Mohandas Pai, a senior advisor at Infosys, said that a global shortage of memory chips could increase smartphone prices in India [1].

The trend highlights how the rapid expansion of artificial intelligence is shifting the hardware landscape. As data centers consume more resources to power AI, the supply of essential components for consumer electronics is tightening, potentially making mobile devices less affordable for millions of users.

Pai, who previously served as the chairman of NASSCOM, said that the shortage specifically affects DRAM and NAND memory chips [1]. The surge in demand is largely driven by the infrastructure needs of AI data centers [2].

"If the chip shortage continues, we could see a noticeable rise in the price of smartphones in India," Pai said [1].

Market data suggests the impact is already being felt. Memory-chip prices surged by more than 30% in the first quarter of 2024 [2]. Some industry reports indicate that four major smartphone brands in India have already increased prices by ₹1,000 to ₹6,000 on flagship and mid-range models [3].

Analysts expect the volatility to continue. Projections suggest another 63% rise in memory-chip prices in the following quarter [4]. This supply chain pressure is not limited to mobile phones; it has also forced price hikes for other electronics, including consoles from Sony and Nintendo [4].

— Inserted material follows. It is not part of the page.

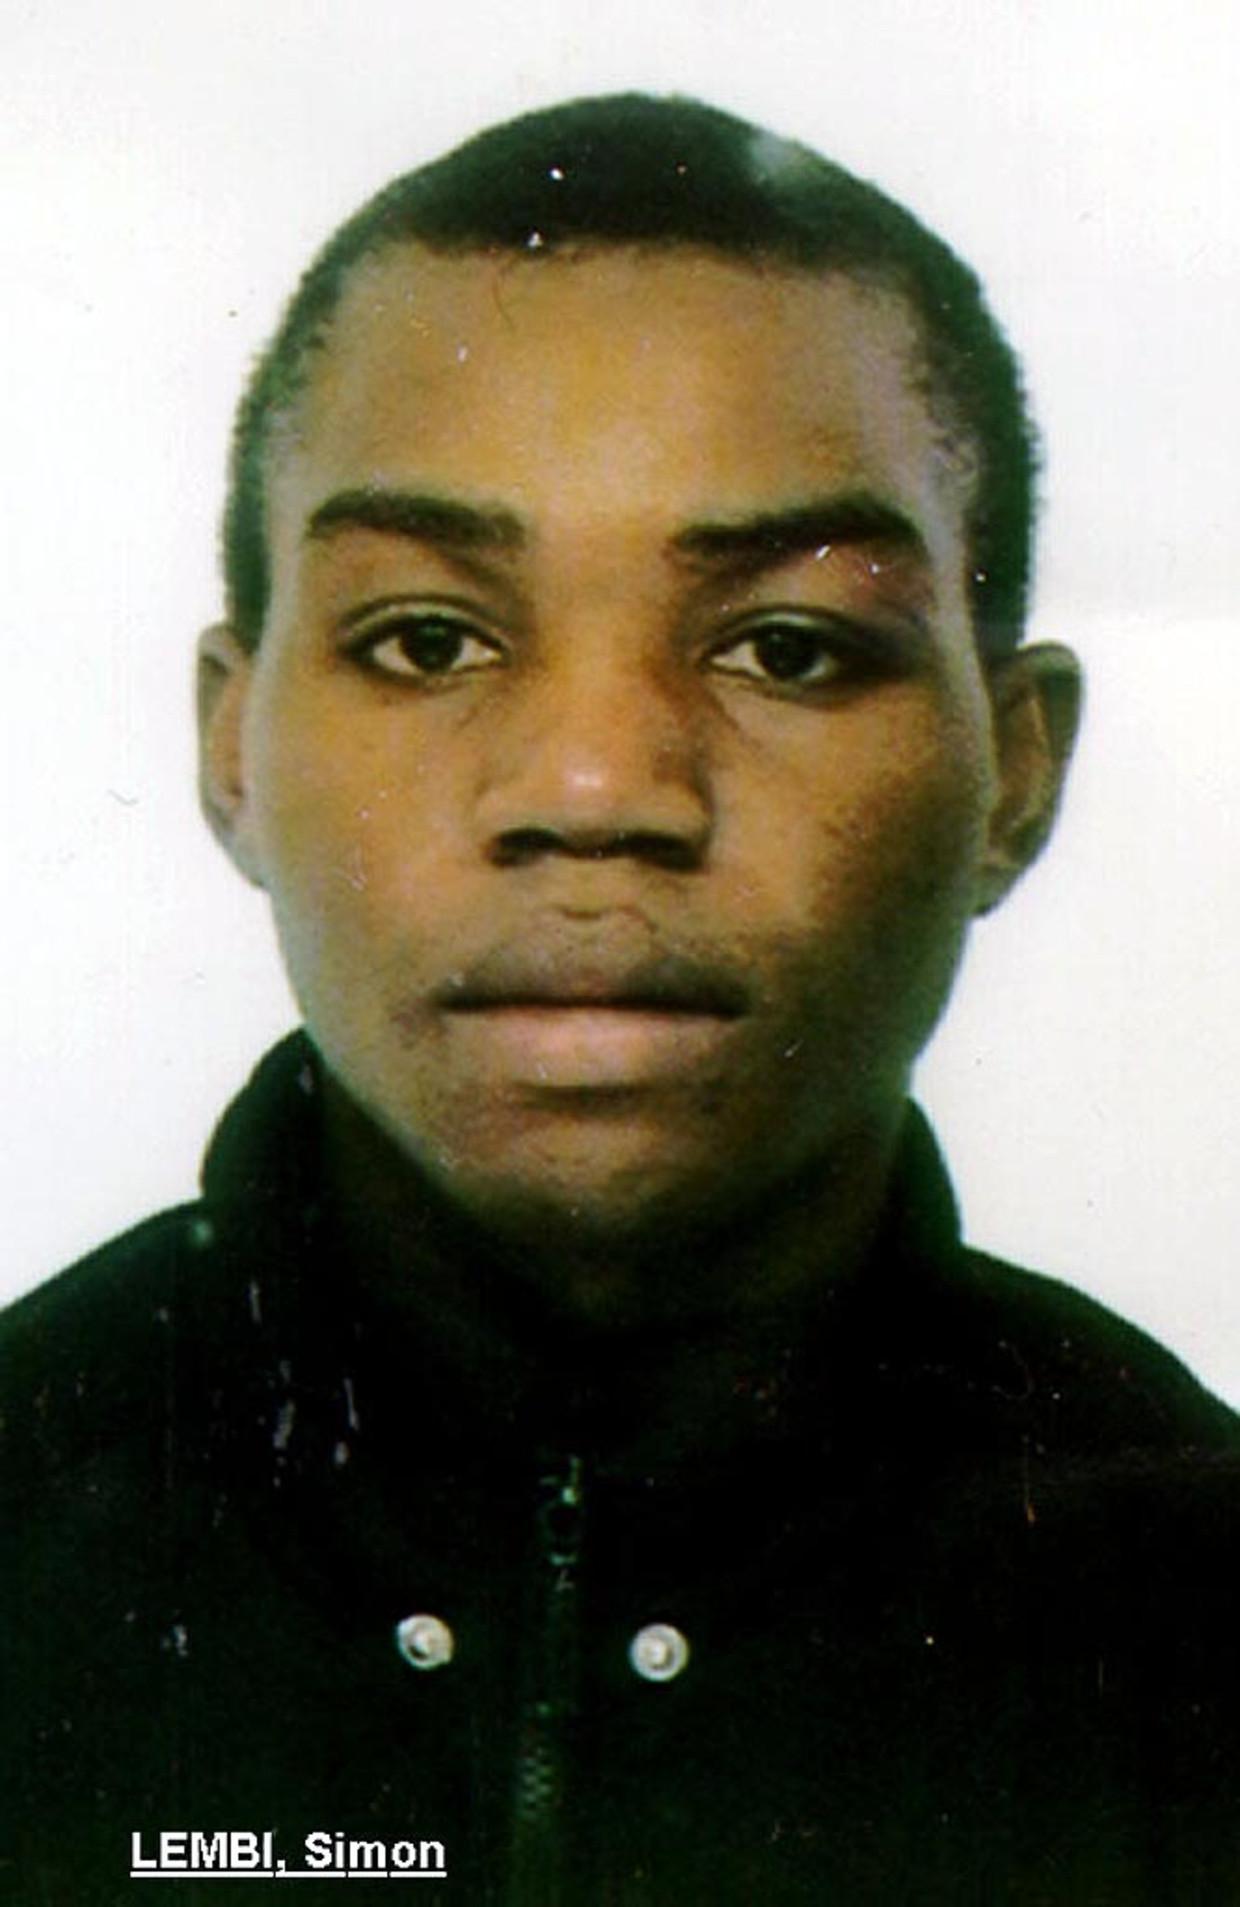 De foto van Simon Lembi die sinds 1999 werd verspreid in opsporingsberichten. De Angolees was pas veertien toen hij verdween. Beeld BELGA

While some reports suggested the shortage might only affect prices later in 2024, others indicate the impact was already present in early 2024 [1, 5]. The discrepancy reflects the speed at which these components move through the global supply chain from manufacturers to retail shelves.

"If the chip shortage continues, we could see a noticeable rise in the price of smartphones in India."

This situation illustrates a growing conflict between the enterprise AI boom and the consumer electronics market. Because AI data centers require massive amounts of high-capacity memory, they are effectively outbidding or crowding out the supply for consumer devices. This creates a 'trickle-down' inflationary effect where the cost of AI innovation is paid for by the end-user of a standard smartphone.